= Vibrational bond =

A vibrational bond is a chemical bond that happens between two very large atoms, like bromine, and a very small atom, like hydrogen, at very high energy states. Vibrational bonds only exist for a few milliseconds. This bond is detectable through modern analytic chemistry and is significant because it affects the rate at which other reactions can occur.

==History==

Vibrational bonds were mathematically predicted almost thirty years before they were experimentally observed. The original theoretical calculations had been carried out by D.C. Clary and J.N.L Connor during the early 1980s. Together they hypothesized that with very large atoms and small atoms at high energy states, the elements would stabilize and create temporary bonds for very short periods of time. The vibrational bond would be weaker than any currently known bond, like the commonly known ionic or covalent bonds.

One year after the theoretical discovery of vibrational bonds, J. Manz and his team confirmed the calculations that were previously made, and elaborated on them by showing that the vibrational bonds were most likely to occur during symmetric reactions, but stated that vibrational bonds may also be possible with asymmetric reactions. Their team explained that although vibrational bonding theories proved to be correct they found some inconsistencies with the 'classic model' and found that symmetric reactions will show resonance, but only in certain transition states. However, the classic model would still be viable to use to predict vibrational bonds.

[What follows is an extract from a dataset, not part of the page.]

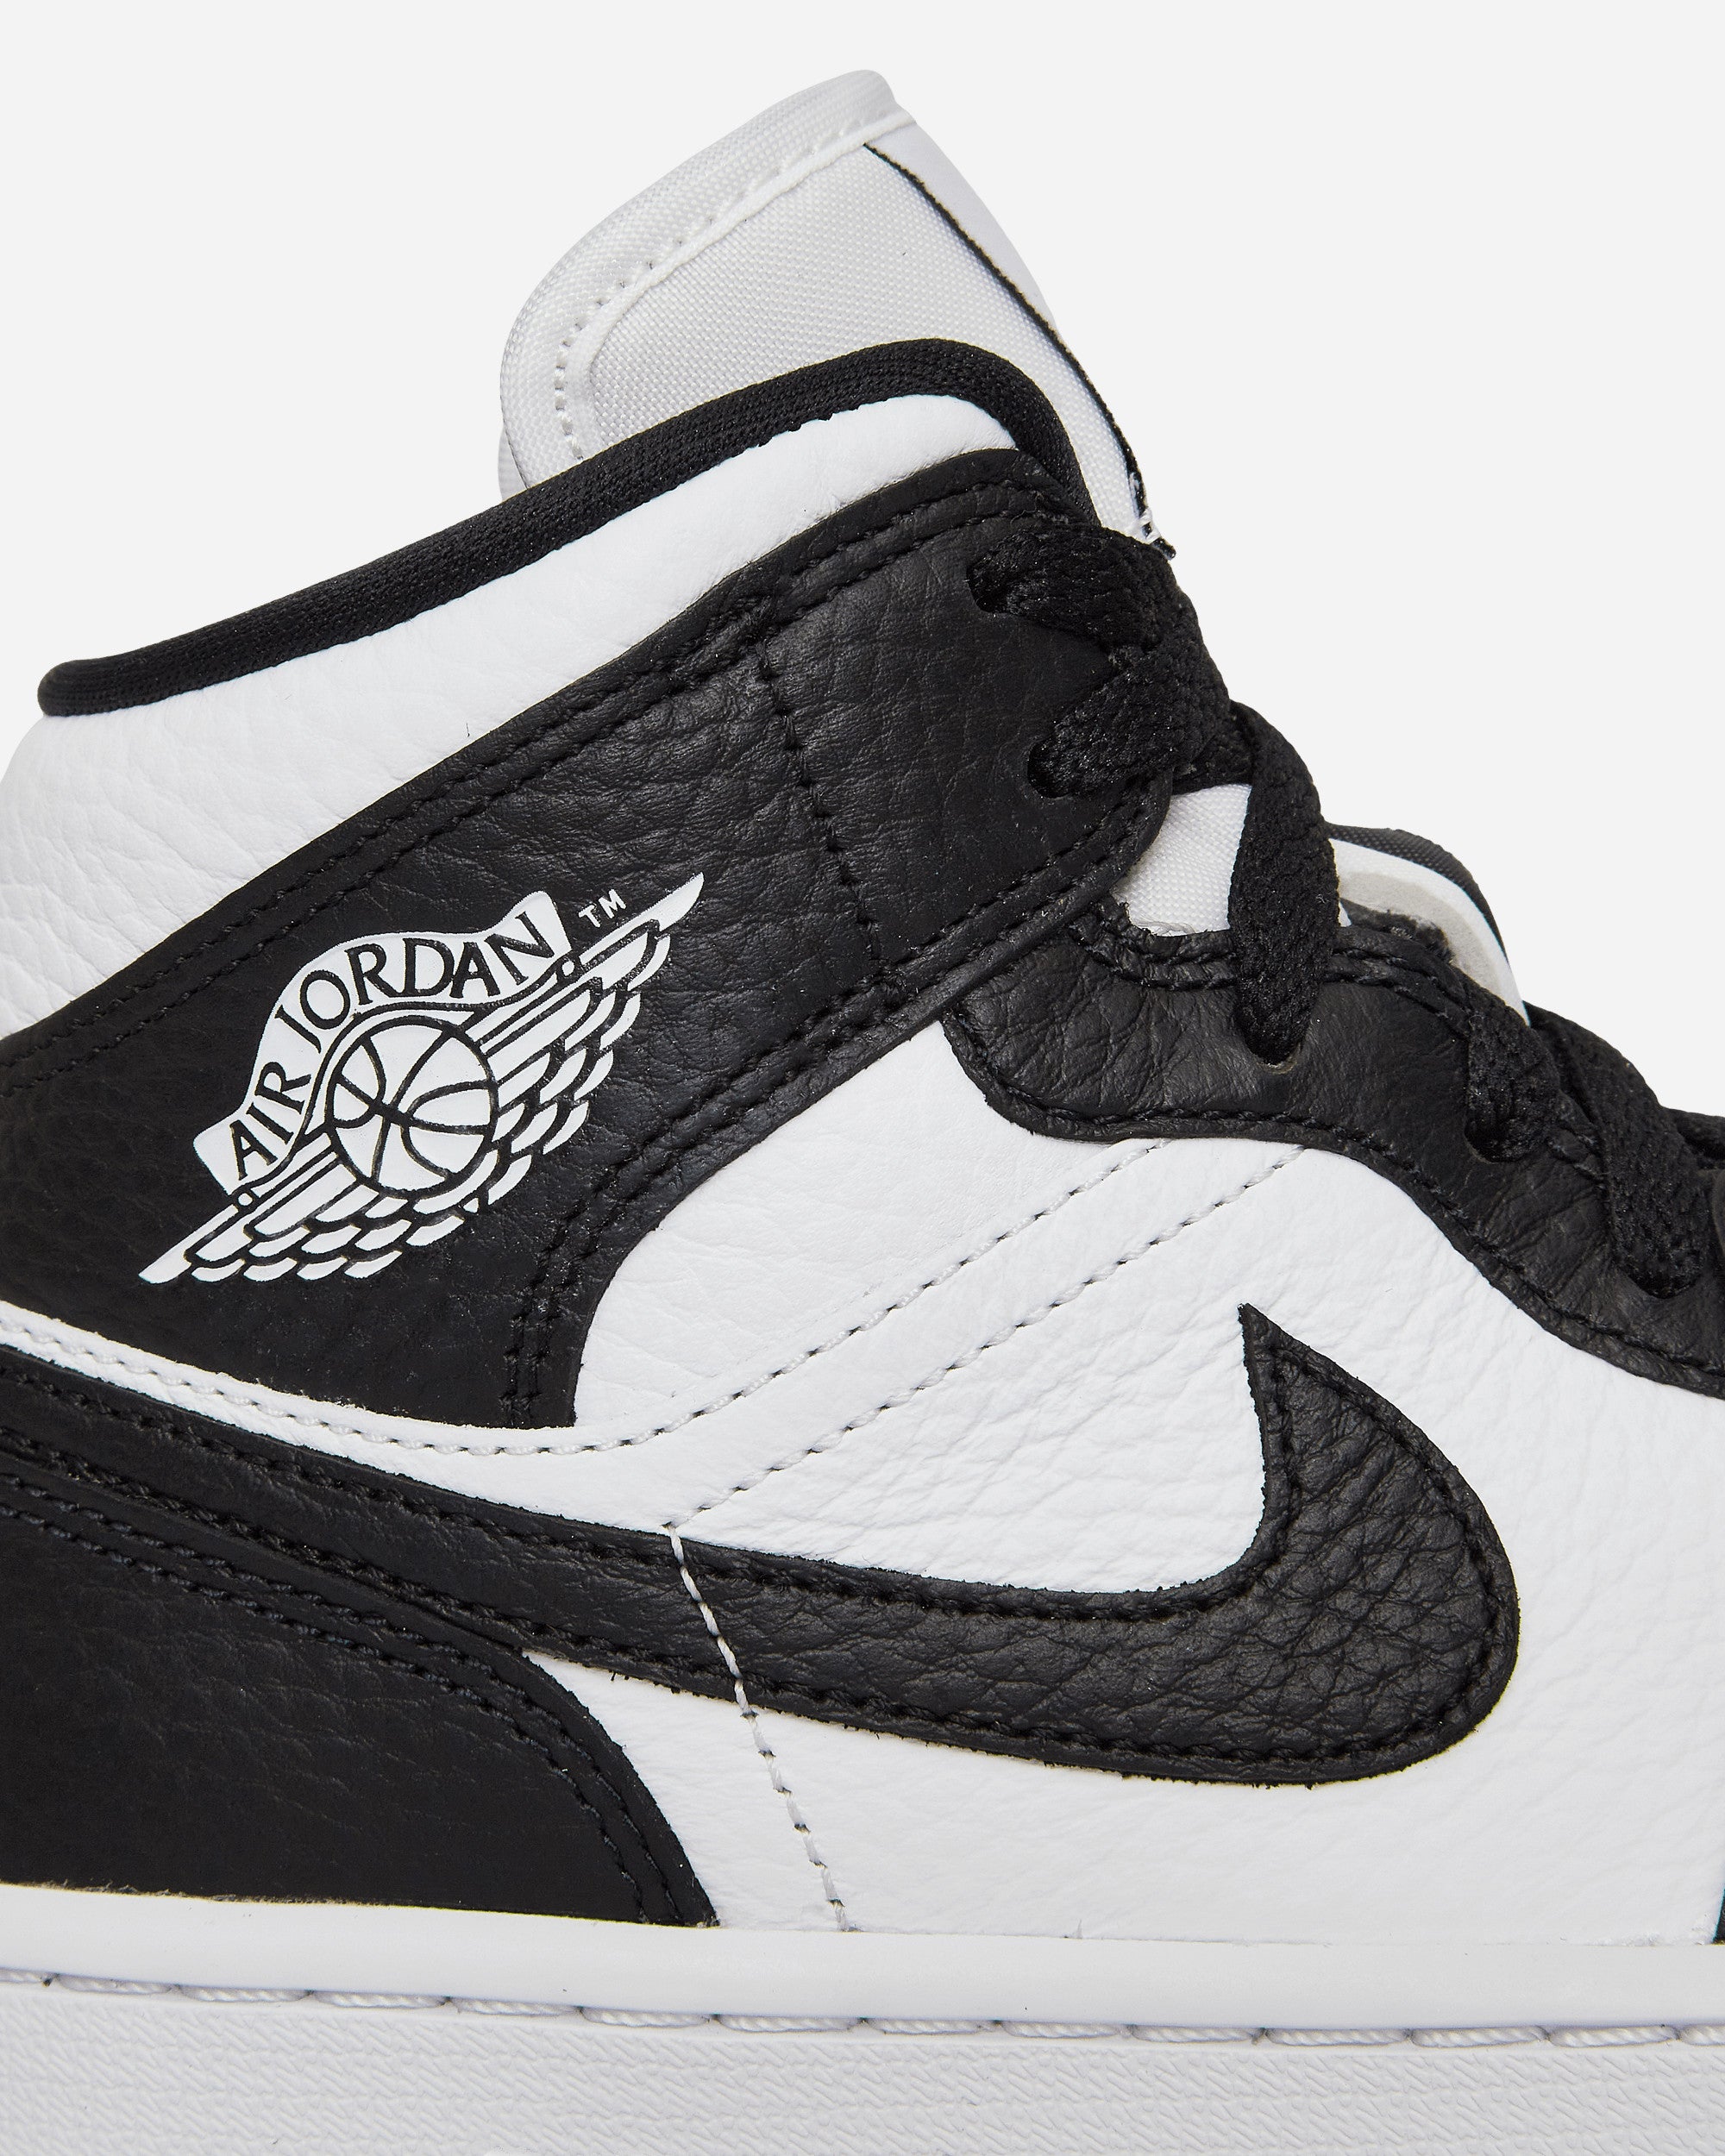 Nike Jordan Wmns Air Jordan 1 Mid Se White/Black-White Sneakers Mid DR0501-101

In 1989, Donald Fleming noticed that a reaction between bromine and muonium slowed down as temperature increased. This phenomenon was known as a "vibrational bond" and would capture the attention of Donald Fleming again in 2014. In 1989 the technology did not exist to collect sufficient data on the reaction, and Donald Fleming and his team moved away from the research.

==Discovery==

Donald Fleming and his team recently began their investigation of vibrational bonds, and as they had expected from the results of their experiments in 1989, the BrLBr reaction slowed at high temperatures, now using modern instrumental analysis from photo detachment electron spectroscopy, the vibrational bond was detected but lasted only a few milliseconds. The vibrational bond acted differently than van der Waals forces reactions because the energy was balanced differently.

==Bond==
In chemistry it is known that increased temperature increases the rate or reaction of an experiment, however vibrational bonds are not formed like covalent bonds where electrons are shared between the two bonding atoms. Vibrational bonds are created at high energy where the muonium bounces to and from bromine atoms "like a ping pong ball bouncing between two bowling balls," according to Donald Fleming. This bouncing action lowers the potential energy of the BrMuBr molecule, and therefore slows the rate of the reaction.

This type of bond has been confirmed in the BrMuBr molecules but in the heavier isotopes of hydrogen (protium, deuterium, and tritium), the vibrational bonding can only occur as the van der Waals forces are overcome and the vibrational bond is formed.

==Relevance==
This discovery changes the understanding of chemical bonds, with van der Waals interactions, and recently discovered vibrational bonding will show that there are different mechanisms and energies for different bonds, and the experimental discovery of the vibrational bonding has the potential to encourage more research in isotopic interactions.